Carmakers have been keen to re-start vehicle production after over a month of plants sitting idle due to COVID-19 health concerns and associated government restrictions. The latest target date, per Automotive News and the Detroit News, is May 18.
In mid April, Jalopnik wrote “Why May 4 Could Be A Defining Day For The American Automobile Industry (But Also Maybe Not)” based on reporting by Electrek, CNBC, and Automotive News. Those outlets wrote that major supplier Magna and automakers including Ford, Fiat Chrysler, Tesla, Toyota, and Honda were hoping to re-start production on May 4.
Just a week later, on April 24, we wrote “The UAW Isn’t Ready” after the United Auto Workers union’s president Rory Gamble made it clear that he thought restarting automobile production in early May would be jumping the gun. What’s more, on the day of that article, Michigan governor Gretchen Whitmer extended the state’s strict stay-at-home order to May 15.
Now we’ve got a new target date: May 18. Apparently that’s what General Motors is gunning for, according to the Detroit News, who writes:
General Motors Co. sent out alerts Tuesday to United Auto Workers members at some factories, alerting them that it plans to begin to restart factories May 18.
The alert, obtained by The Detroit News, says: “Tomorrow, we will announce externally that GM plans to begin a limited, cadenced and site-specific approach for a return to the workplace in many of our North American manufacturing facilities. We are targeting Monday, May 18, and we are collaborating with the state government and union partners.”
Automotive News writes that Fiat Chrysler is also gunning for that May 18 date, with the site writing:
The UAW said Tuesday that it continues to talk with the Detroit 3 automakers about protecting workers even as Fiat Chrysler Automobiles announced plans to resume production at most U.S. plants the week of May 18.

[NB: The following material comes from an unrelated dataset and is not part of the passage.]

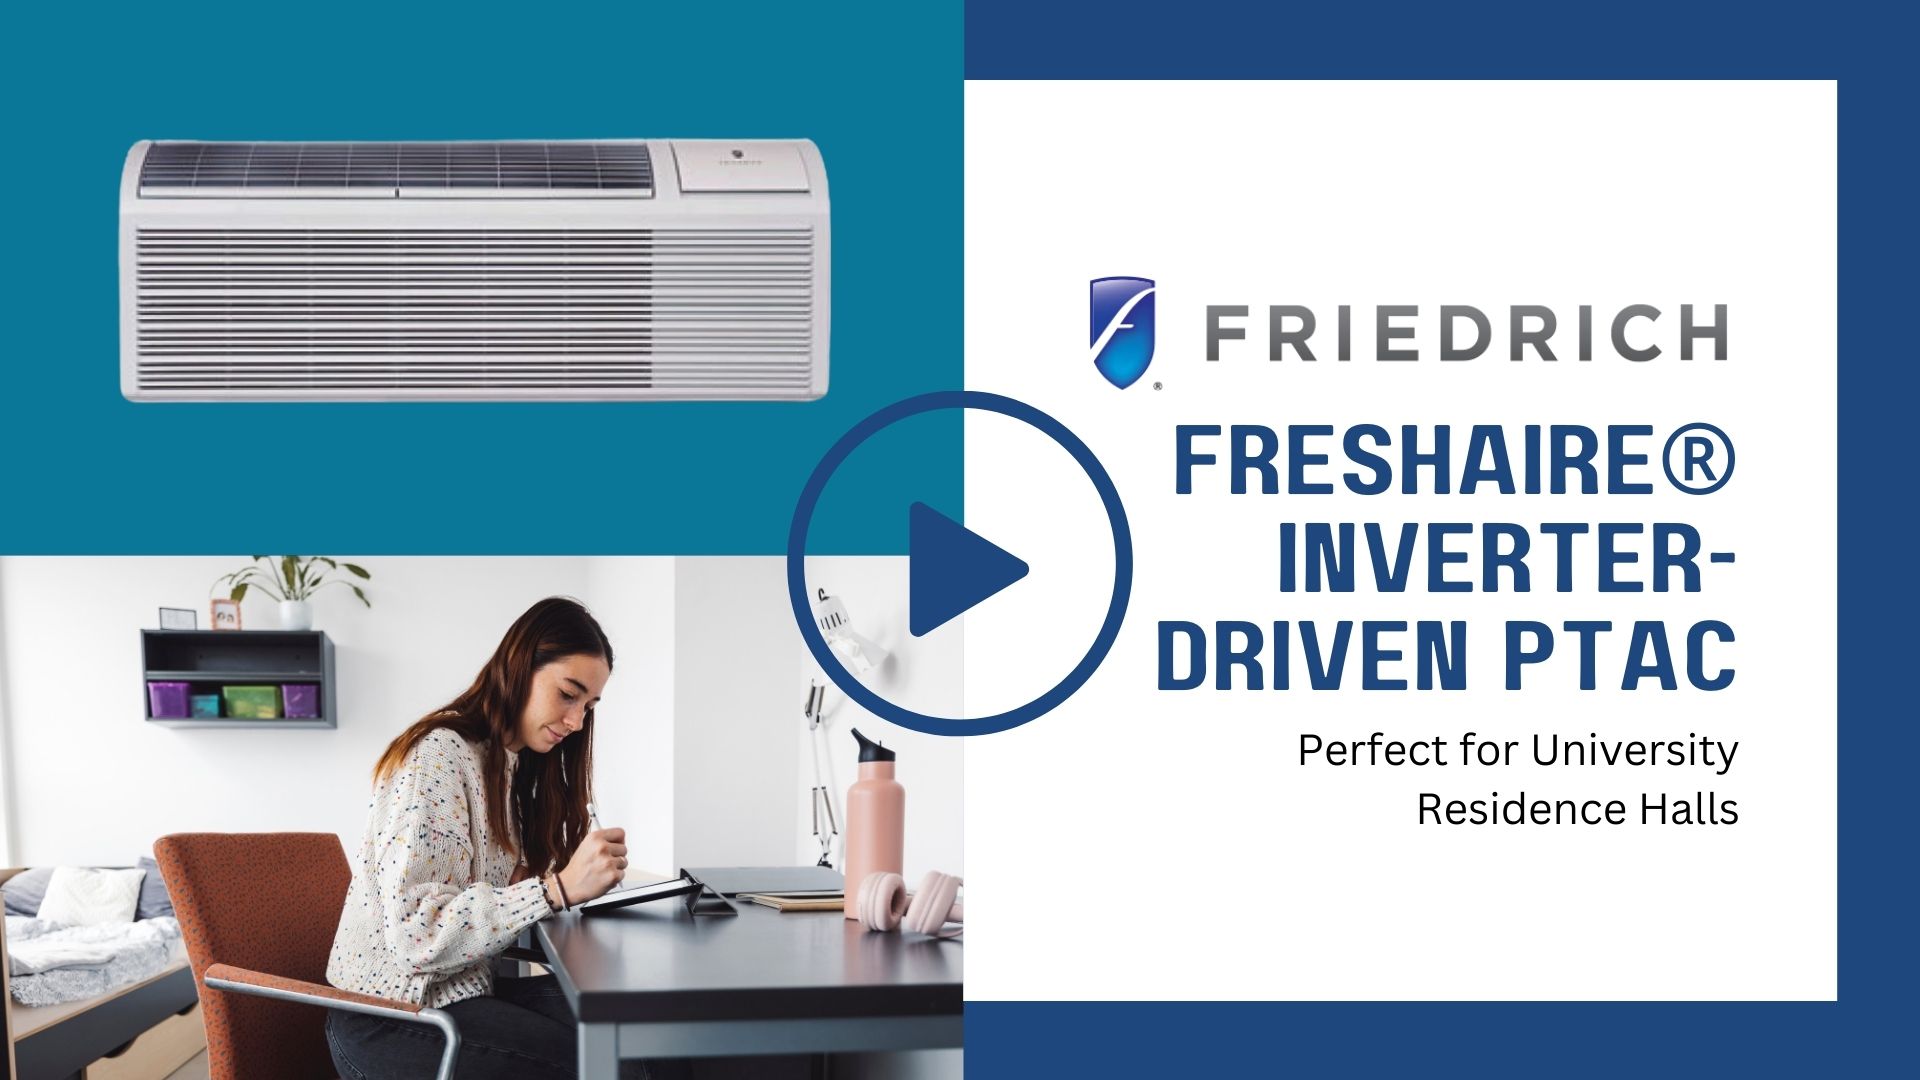 Image of a wall air conditioner unit in the top left corner. A woman sitting in a chair, holding a stylus and working on her ipad while wearing a multi-colored sweater and black jeans. The words "Friedrich Freshaire Inverter-Driven PTAC, Perfect for University Residence Halls" on the right side of the image.

The decision, announced as part of FCA’s first-quarter earnings report, comes after the automaker pushed back initial plans to reopen plants early this month.
Per the story, FCA’s announcement on Tuesday mentioned restarting production in plants in North America “with the exception of the Jeep Cherokee factory in Belvidere, Ill., the week of May 18.” Belvidere’s should open by June 1, the story continues.
The key takeaway from the article isn’t just that FCA has a new target restart date, but that the UAW doesn’t seem to oppose the timeframe, which is a big deal. That said, the story doesn’t say the UAW outright supports the target date. From the article:
The union opposed an early May return to work, but a UAW statement Tuesday did not renew its previous opposition.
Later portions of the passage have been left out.